I'm guessing you mean "floating point" here. The answer is, basically, any time the quantities involved are approximate, measured, rather than precise; any time the quantities involved are larger than can be conveniently represented precisely on the underlying machine; any time the need for computational speed overwhelms exact precision; and any time the appropriate precision can be maintained without other complexities.
For more details of this, you really need to read a numerical analysis book.

Short story is that if you need exact calculations, DO NOT USE floating point.
Don't use floating point numbers as loop indices: Don't get caught doing:
for ( d = 0.1; d < 1.0; d+=0.1)
{ /* Some Code... */ }
You will be surprised.
Don't use floating point numbers as keys to any sort of map because you can never count on equality behaving like you may expect.

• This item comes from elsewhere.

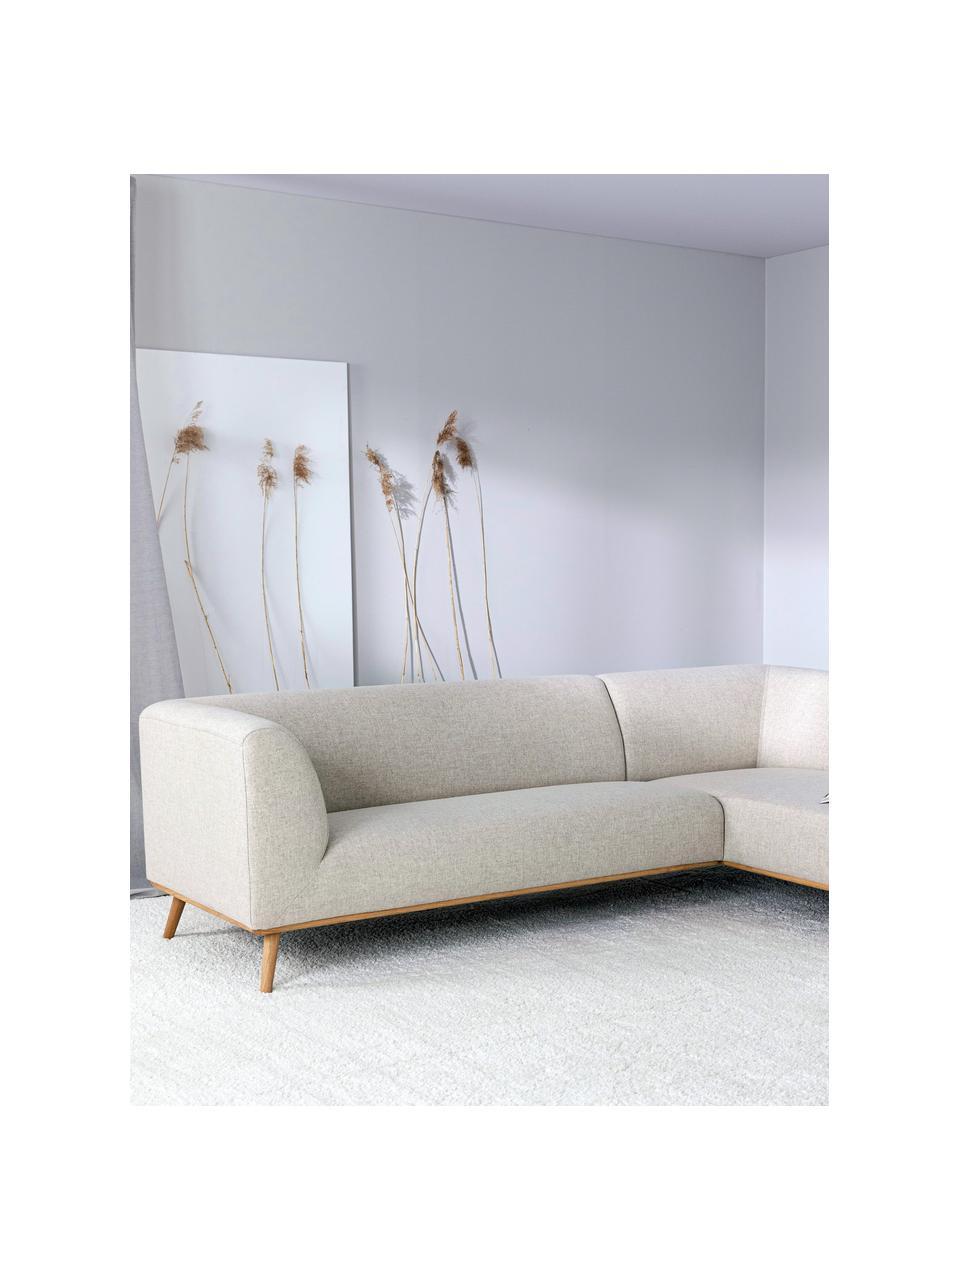 Divano angolare in tessuto beige Archie, Rivestimento: 100% lana 30.000 cicli di, Struttura: legno di pino, Piedini: legno di quercia massicci, Tessuto beige, Larg. 264 x Prof. 162 cm

Most real-world quantities are inexact, and typically we know their numeric properties with a lot less precision than a typical floating-point value. In almost all cases, the C types float and double are good enough.
It is necessary to know some of the pitfalls. For example, testing two floating-point numbers for equality is usually not what you want, since all it takes is a single bit of inaccuracy to make the comparison non-equal. tgamblin has provided some good references.
The usual exception is money, which is calculated exactly according to certain conventions that don't translate well to binary representations. Part of this is the constants used: you'll never see a pi% interest rate, or a 22/7% interest rate, but you might well see a 3.14% interest rate. In other words, the numbers used are typically expressed in exact decimal fractions, not all of which are exact binary fractions. Further, the rounding in calculations is governed by conventions that also don't translate well into binary. This makes it extremely difficult to precisely duplicate financial calculations with standard floating point, and therefore people use other methods for them.

It's appropriate to use floating point types when dealing with scientific or statistical calculations. These will invariably only have, say, 3-8 significant digits of accuracy.
As to whether to use single or double precision floating point types, this depends on your need for accuracy and how many significant digits you need. Typically though people just end up using doubles unless they have a good reason not to.
For example if you measure distance or weight or any physical quantity like that the number you come up with isn't exact: it has a certain number of significant digits based on the accuracy of your instruments and your measurements.
For calculations involving anything like this, floating point numbers are appropriate.
Also, if you're dealing with irrational numbers floating point types are appropriate (and really your only choice) eg linear algebra where you deal with square roots a lot.
Money is different because you typically need to be exact and every digit is significant.

I think you should ask the other way around: when should you not use floating point. For most numerical tasks, floating point is the preferred data type, as you can (almost) forget about overflow and other kind of problems typically encountered with integer types.
One way to look at floating point data type is that the precision is independent of the dynamic, that is whether the number is very small of very big (within an acceptable range of course), the number of meaningful digits is approximately the same.
One drawback is that floating point numbers have some surprising properties, like x == x can be False (if x is nan), they do not follow most mathematical rules (distributivity, that is x( y + z) != xy + xz). Depending on the values for z, y, and z, this can matters.

From Wikipedia:
Floating-point arithmetic is at its
best when it is simply being used to
measure real-world quantities over a
wide range of scales (such as the
orbital period of Io or the mass of
the proton), and at its worst when it
is expected to model the interactions
of quantities expressed as decimal
strings that are expected to be exact.
Floating point is fast but inexact. If that is an acceptable trade off, use floating point.